_The task:_
Leave out the pictures and transcribe the rest of the records exactly.

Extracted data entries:
::::::::::
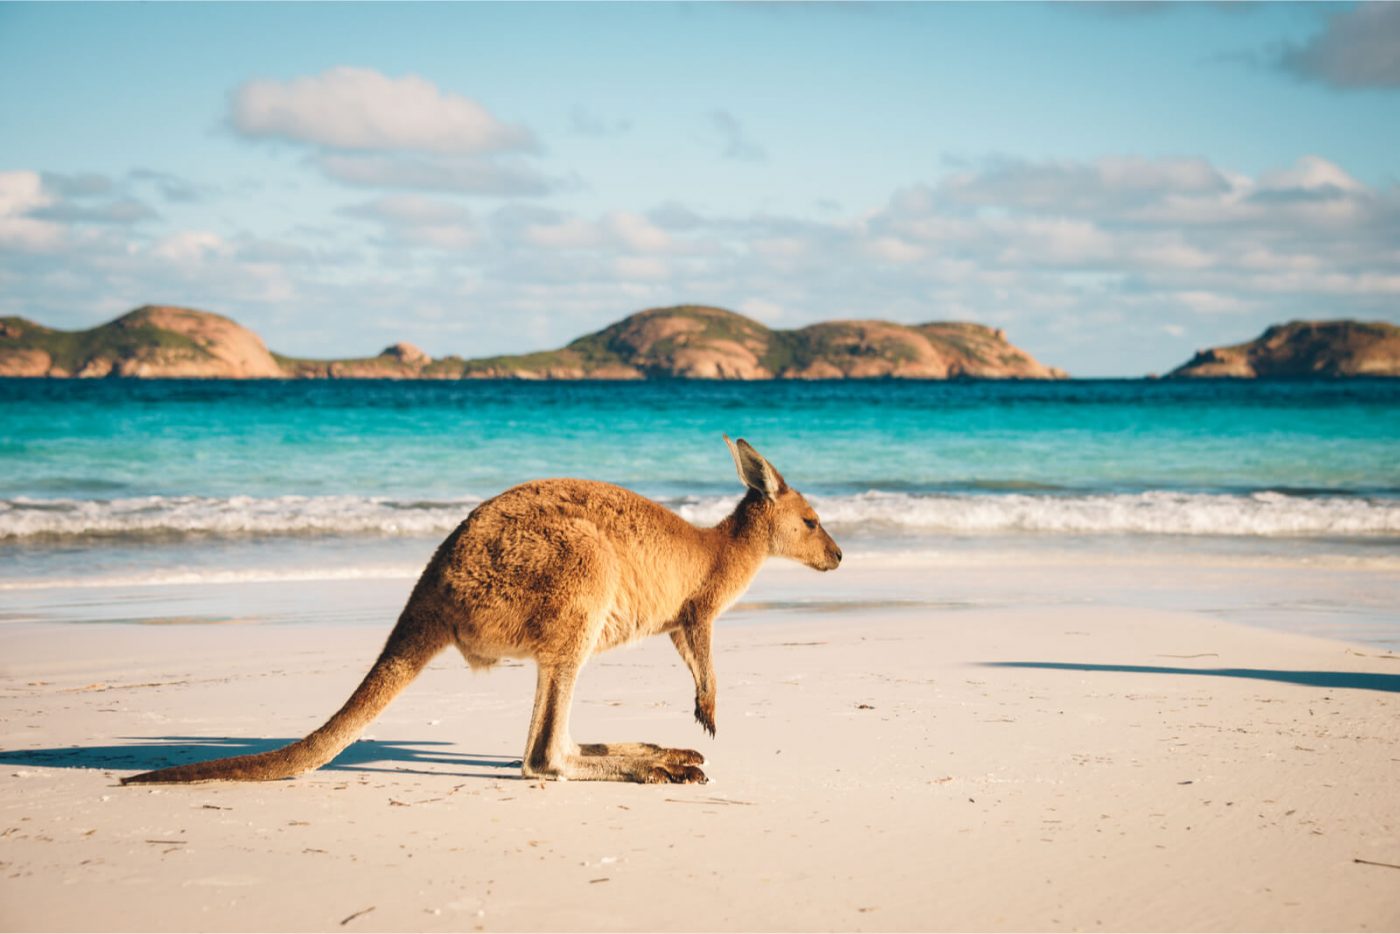 cruise to australia for wildlife
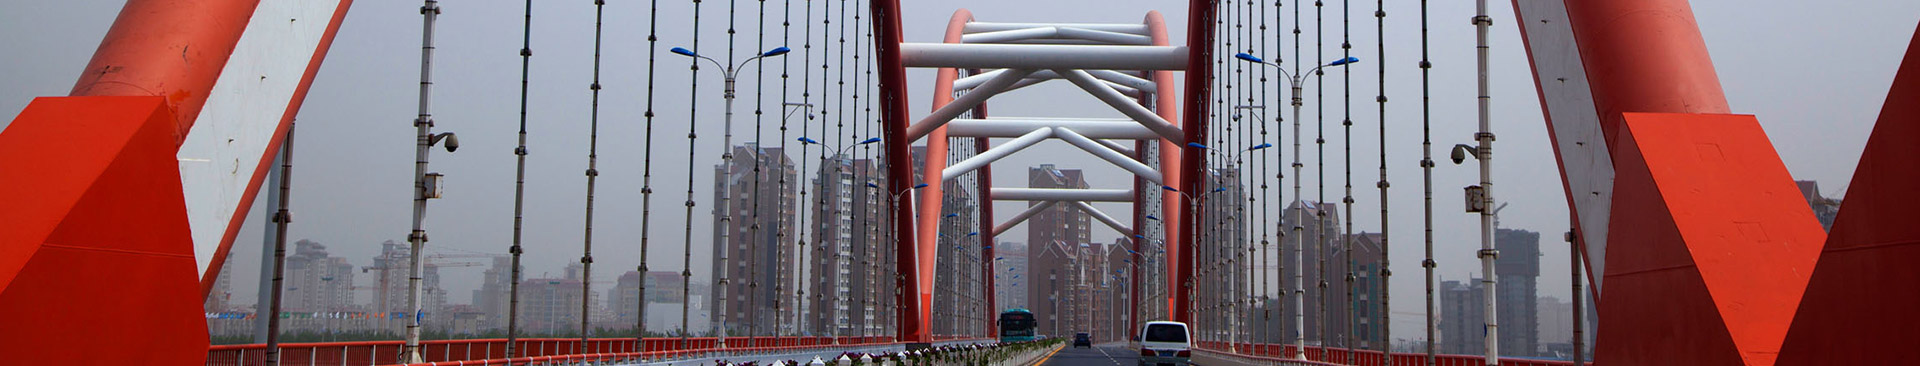 斯鼎钢结构防锈漆应用于大桥上
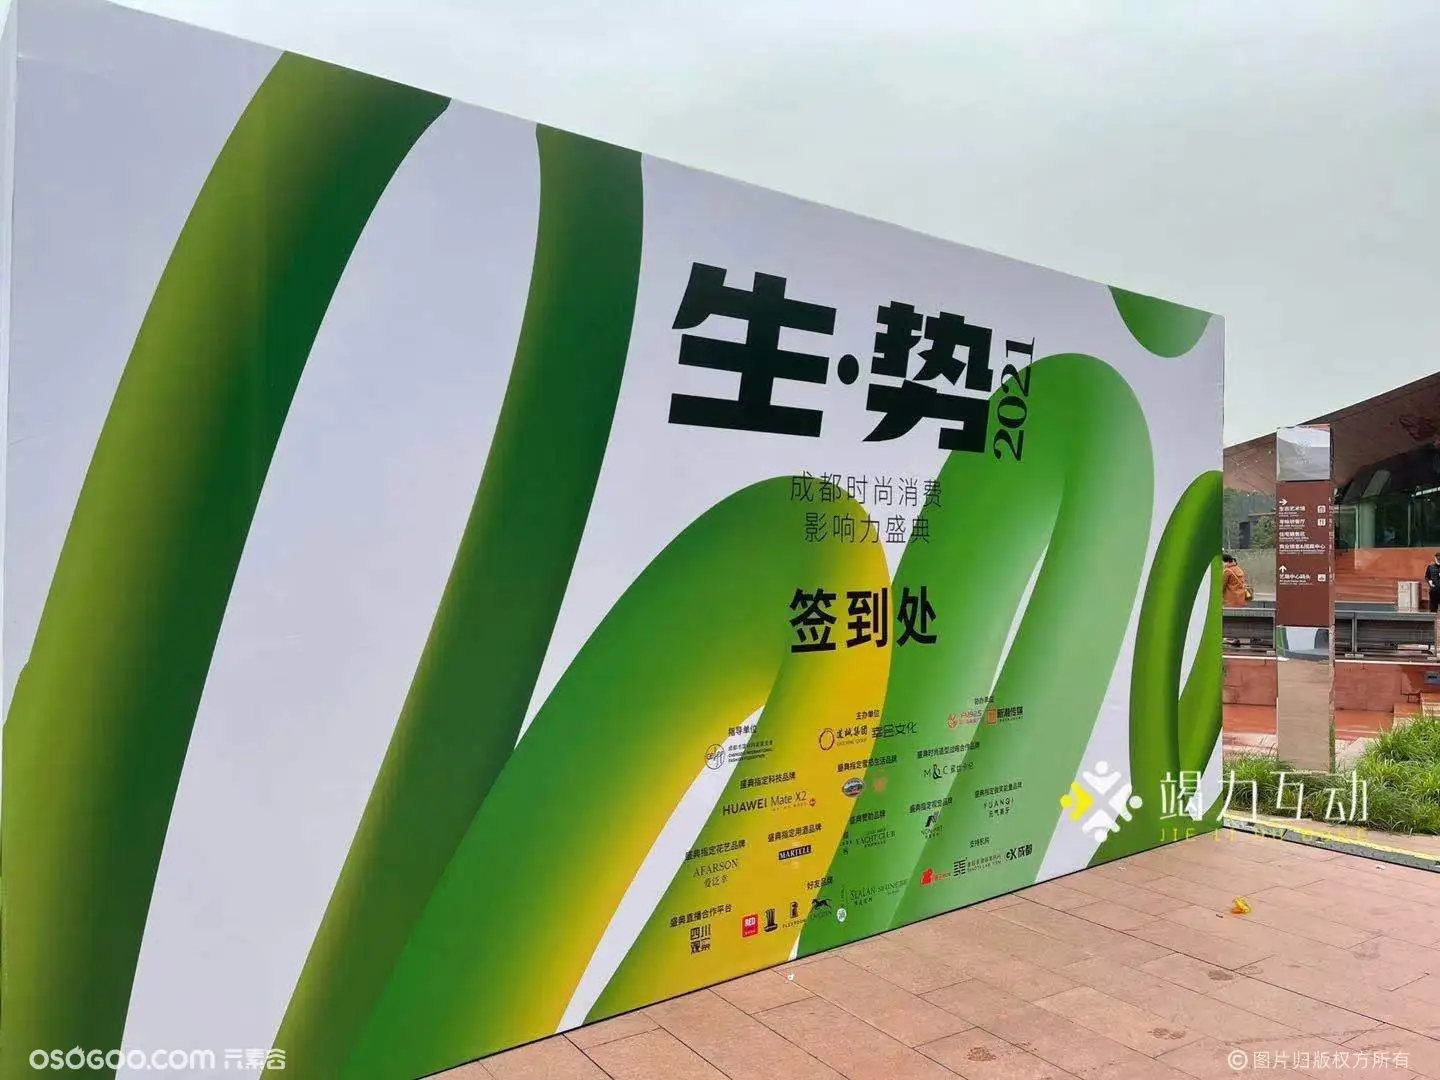 #成都时尚消费影响力盛典/360旋转升格拍照明显互动
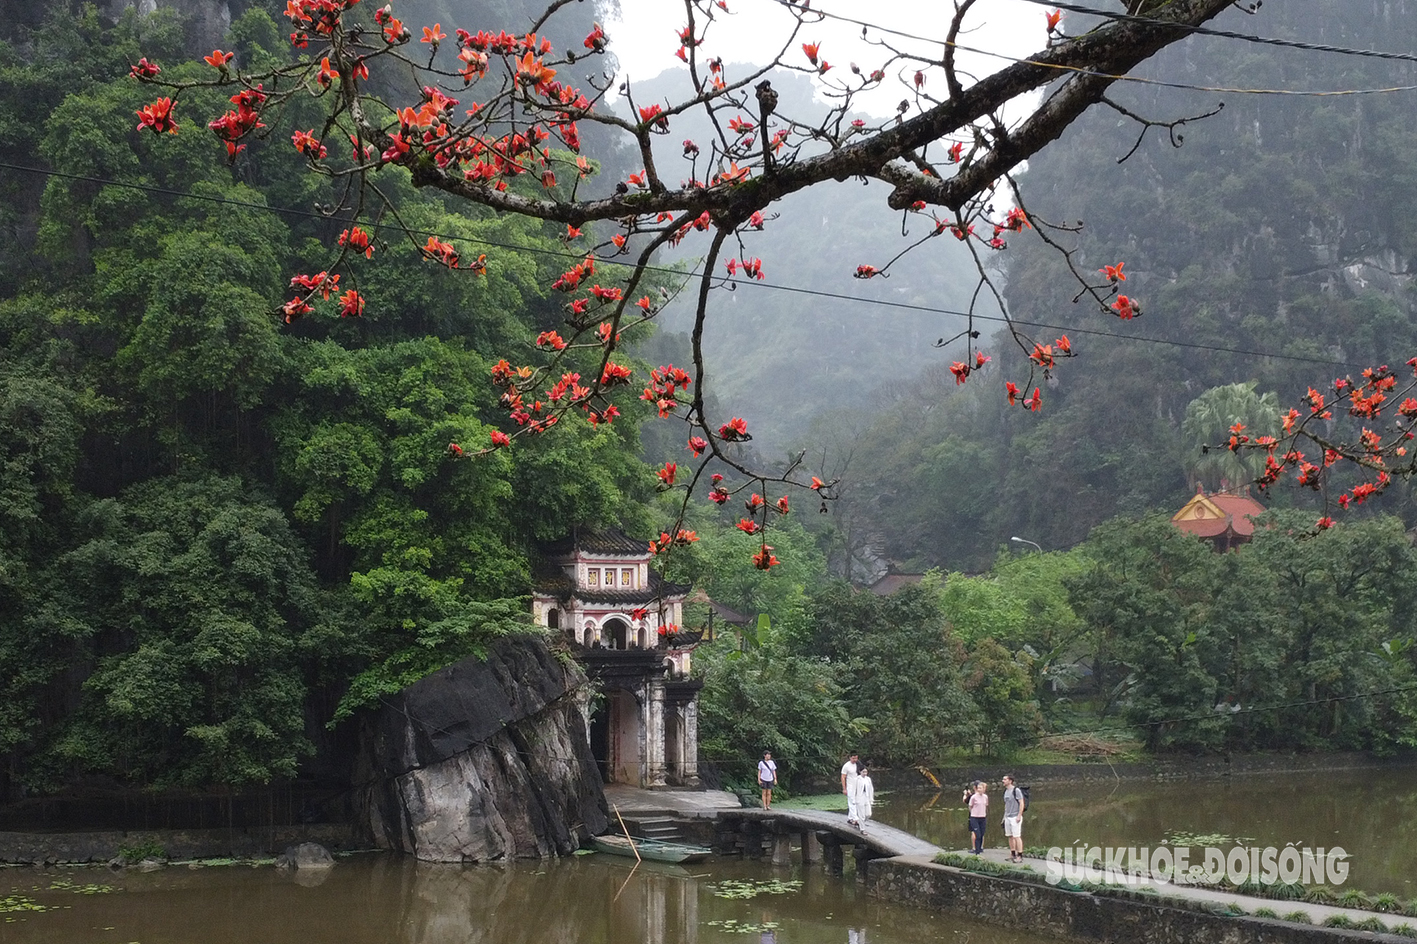 Mê mẩn sắc đỏ của cây gạo trăm tuổi bên mái chùa rêu phong ở Ninh Bình- Ảnh 4.
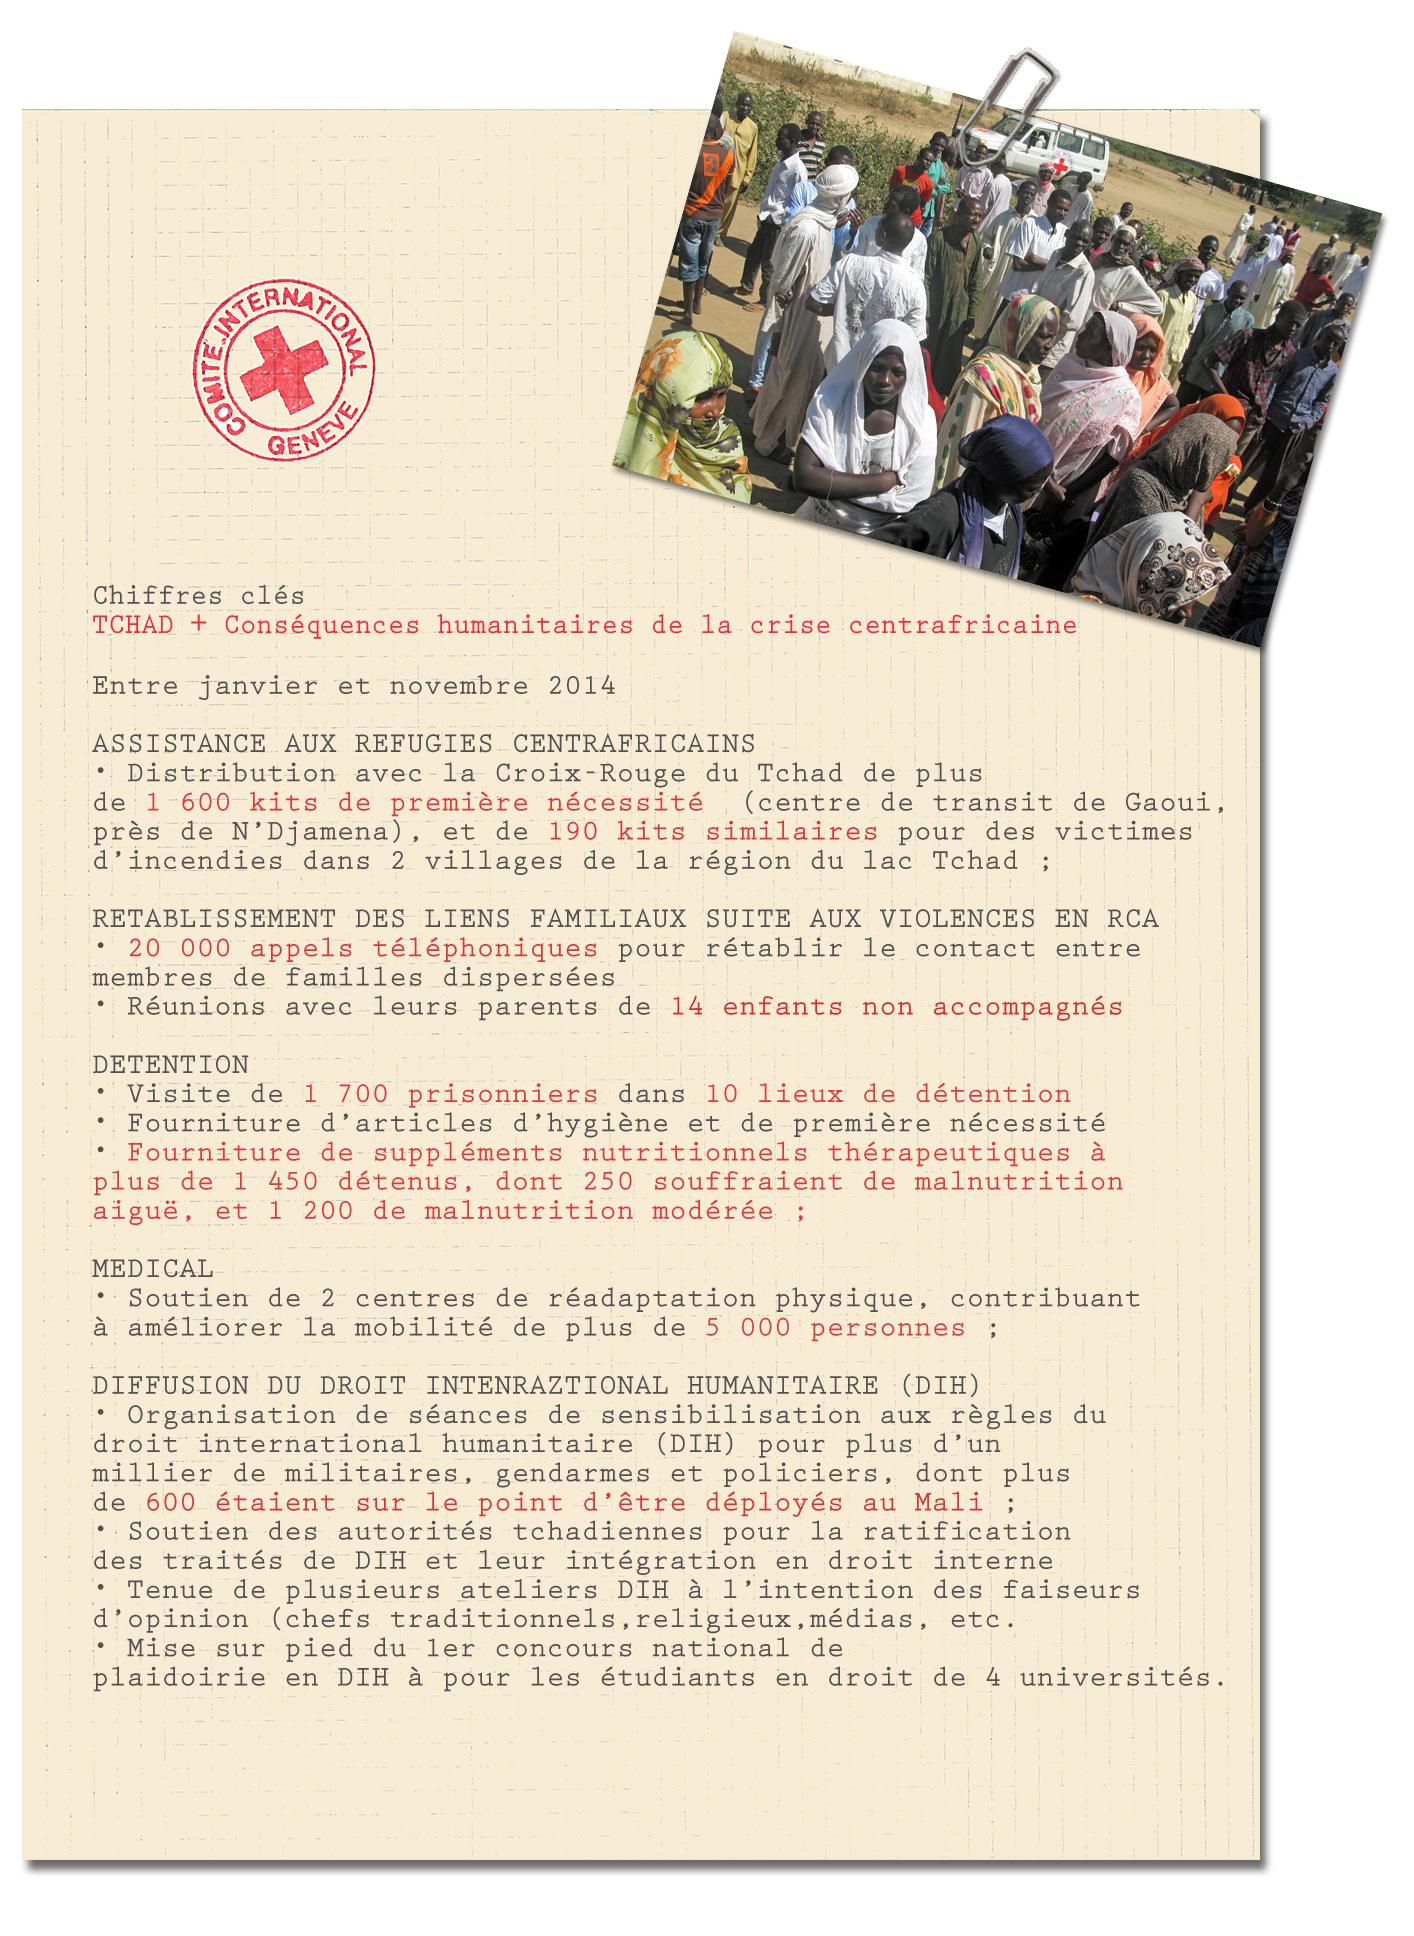 Chiffres clés conséquences humanitaires Tchad/RCA
::::::::::
_Exercise answer:_
 cruise to australia for wildlife
 斯鼎钢结构防锈漆应用于大桥上
 #成都时尚消费影响力盛典/360旋转升格拍照明显互动
 Mê mẩn sắc đỏ của cây gạo trăm tuổi bên mái chùa rêu phong ở Ninh Bình- Ảnh 4.
 Chiffres clés conséquences humanitaires Tchad/RCA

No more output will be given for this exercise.